In 3–6 sentences, based on your previous answers, summarize data quality and distributional patterns; use at least 3 facts about the dataset produced by your analysis in the previous questions.


# 6.
* In a new chat, prompt an AI tool to perform an EDA on the dataset for you, e.g., *Here is my dataset (attached). Give python code for a basic EDA.* Paste and run the code here (re-prompt until it gives reasonable output if there are bugs/failures).
* Write at least 2 tests for your code (focus on the most complicated parts), then answer: What did you test for? How do you know the code is correct?
* So, what did ChatGPT do for the EDA?
* Come up with 3 things it could've done instead.

# 7.
* Now, give screenshots of your code output back to the AI tool, and ask it to interpret the results for you, e.g., *Here are the results, interpret.* Paste the interpretation it provides here.
* What do you agree with?
* What do you disagree with?


## 8.

* Propose and implement 1-2 concrete next steps for your EDA (e.g., better deduplication with fuzzy text, geospatial clustering, normalization of duration text, timezone handling, creation of dummy variables, visualization of a different column, etc.) to improve your understanding of the data, pretending that you are going to use this dataset for important downstream tasks later.
* Interpret your results: what did you learn about the dataset?

# C [30pts]. Interview Questions

We now pretend this is a real job interview. Here's some guidance on how to answer these questions:

1. Briefly restate the question and state any assumptions you are making.

2. Explain your reasoning out loud, focusing on tradeoffs, limitations, and constraints.

3. As a principle, keep your answers as short and clear as they can be (while still answering the question).

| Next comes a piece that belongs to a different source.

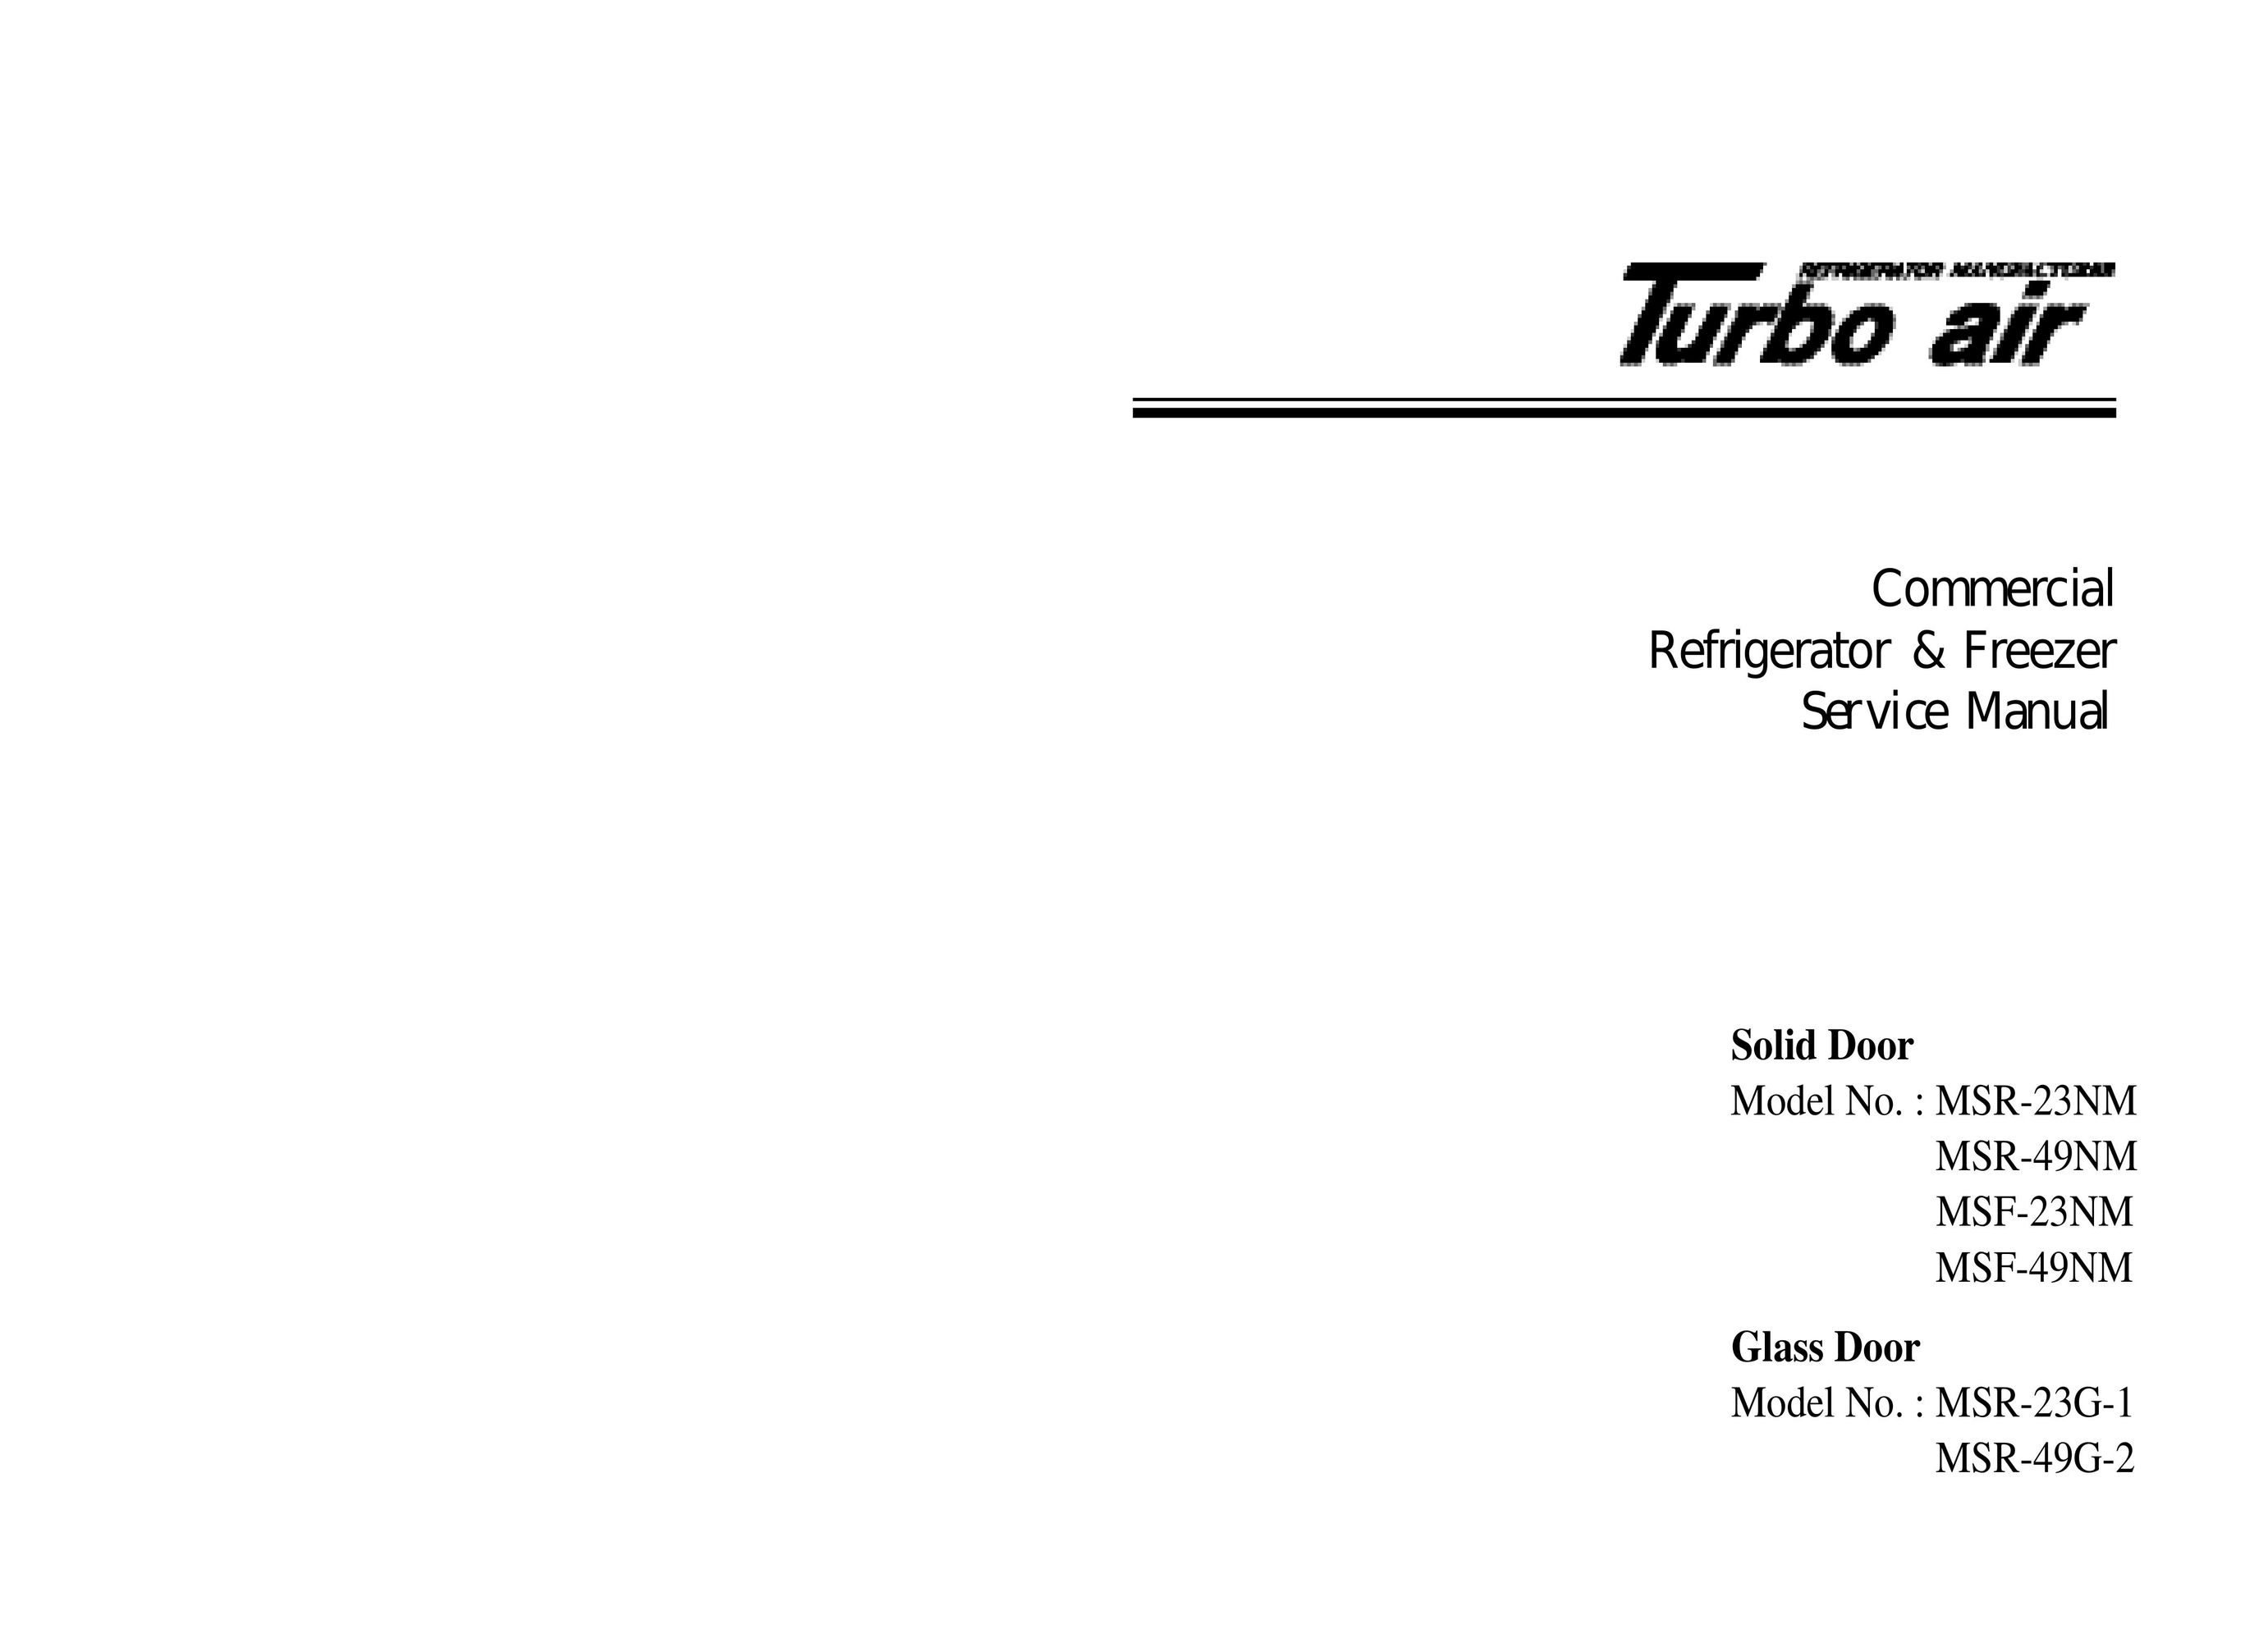 Turbo Air MSF-49NM Door User Manual

4. Write/speak in a conversational but professional tone (avoid being overly formal). For speaking: speak at a reasonable pace and volume, speak clearly, pause when you need to, and practice making "eye contact" with the camera. Keep a confident, positive, and professional tone. *For additional coaching and practice, the University Writing Center provides individual appointments: https://writingcenter.tamu.edu/make-an-appointment.*

There may not be a single correct answer. We are grading whether your reasoning is reasonable and aware of limitations.

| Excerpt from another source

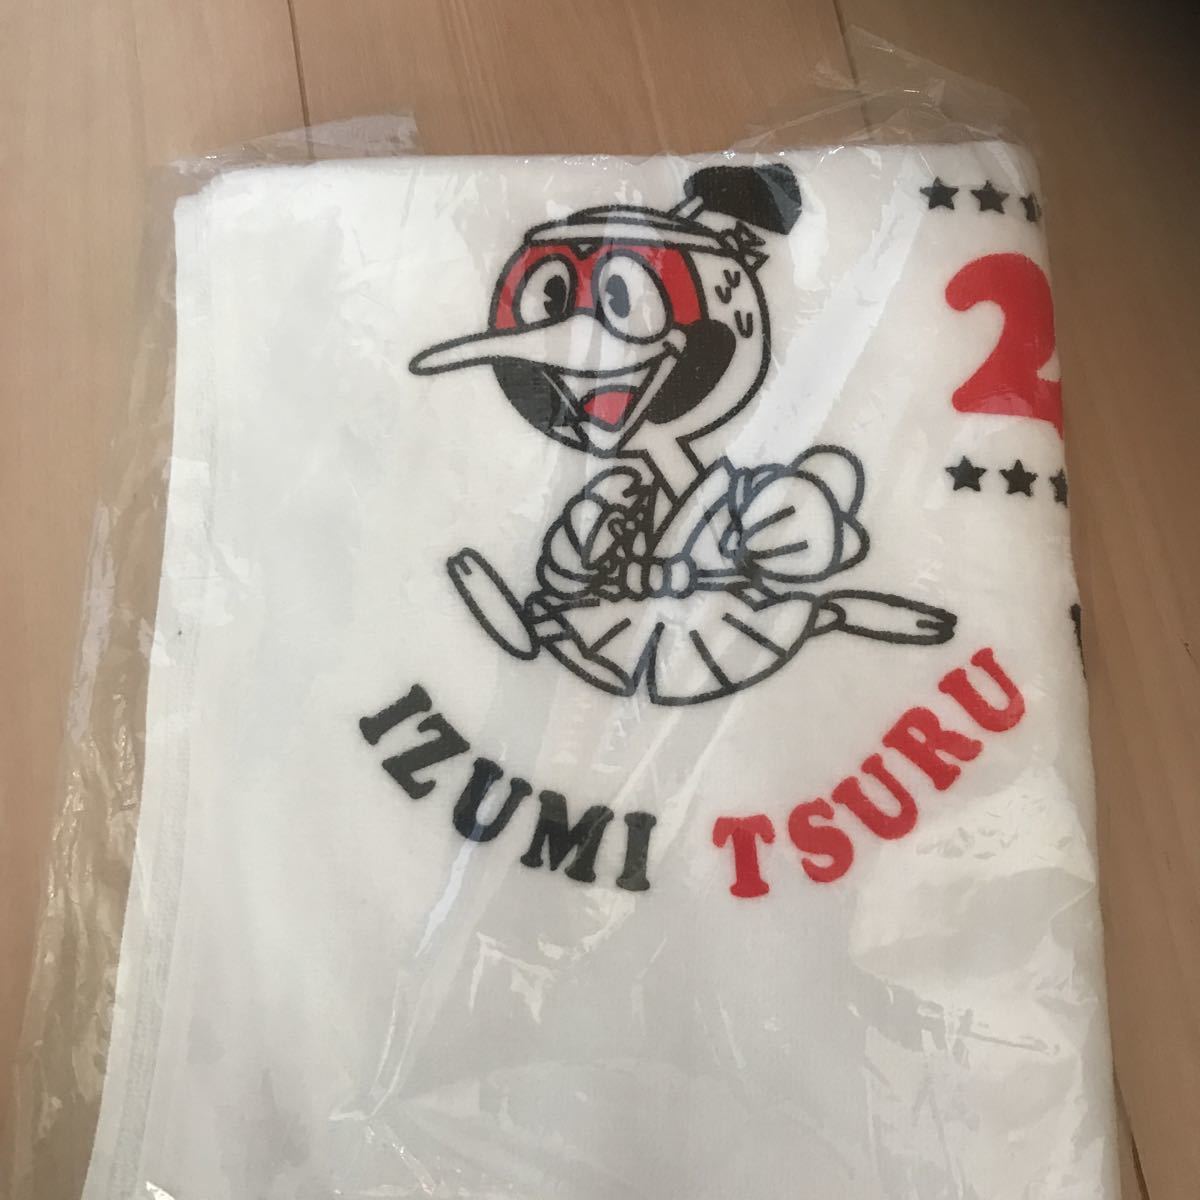  новый товар не использовался не продается довольно большой спорт полотенце no. 24 раз Кагосима префектура . вода город tsuru марафон собрание участие .nobeliti размер ширина 108. длина 40.

These questions are written unless a video response is specified.


**Rubric**

[6pt] Clear understanding of the question; reasonable assumptions; thoughtful reasoning that acknowledges tradeoffs and limitations; clear, concise communication in a conversational but professional tone (for speaking: clear pace, volume, and articulation).

[3pt] Basic understanding but shallow reasoning or unclear assumptions; communication is somewhat unclear, overly verbose, or overly informal/formal.

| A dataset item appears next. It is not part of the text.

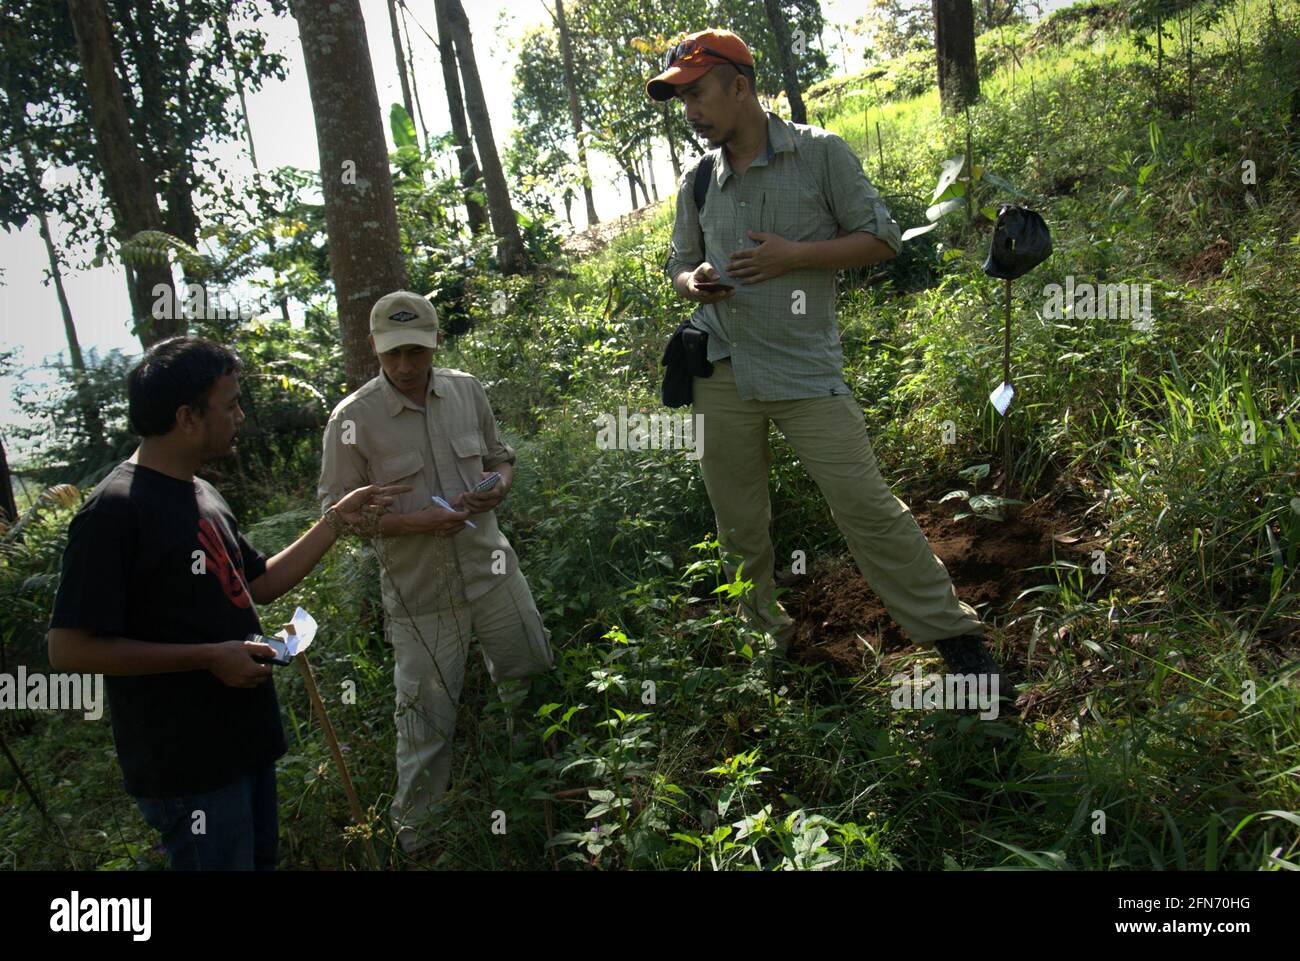 Los trabajadores del proyecto y un adoptante discuten notas sobre los árboles plantados recientemente por los adoptantes durante un programa de adopción de árboles en 2013, una parte del proyecto de reforestación en el Parque Nacional Mount Gede Pangrango, Java Occidental, Indonesia. Foto de stock

[0pt] Minimal, unclear, or incorrect response; poor communication or unprofessional tone.

## 1.
When should you use `pandas` versus just read in a csv?

## 2.
If this dataset suddenly grew by 10000×, which parts of your analysis pipeline would fail first? (Hint: Consider your hardware constraints.)

## 3.
Assume some fraction of reports are adversarially fabricated (meaning: someone submitted fake UFO reports on purpose). How does that change your analysis?

## 4.
How would incorrect timezone handling distort downstream statistical conclusions?

## 5.
Now, link to a video (1 min. max) of yourself answering the following question: What kind of selection bias do you think is present in this web-based UFO dataset?

Make sure to end on a follow-up question for the interviewer -- e.g., *So, to get some more context, are you thinking about this for a Speech AI application like Siri?*

# D [2pts]. What new questions do you have?
We want you to think bigger! Tell us what questions and curiosity this homework brings up for you.

**Rubric**

[2pt] Complete, thoughtful response.

[1pt] Partial response.

[0pt] Minimal response.

# 1.
What new questions do you have about data cleaning and exploratory data analysis (in general) after this homework? Or, what topics are you curious about now? List at least 3.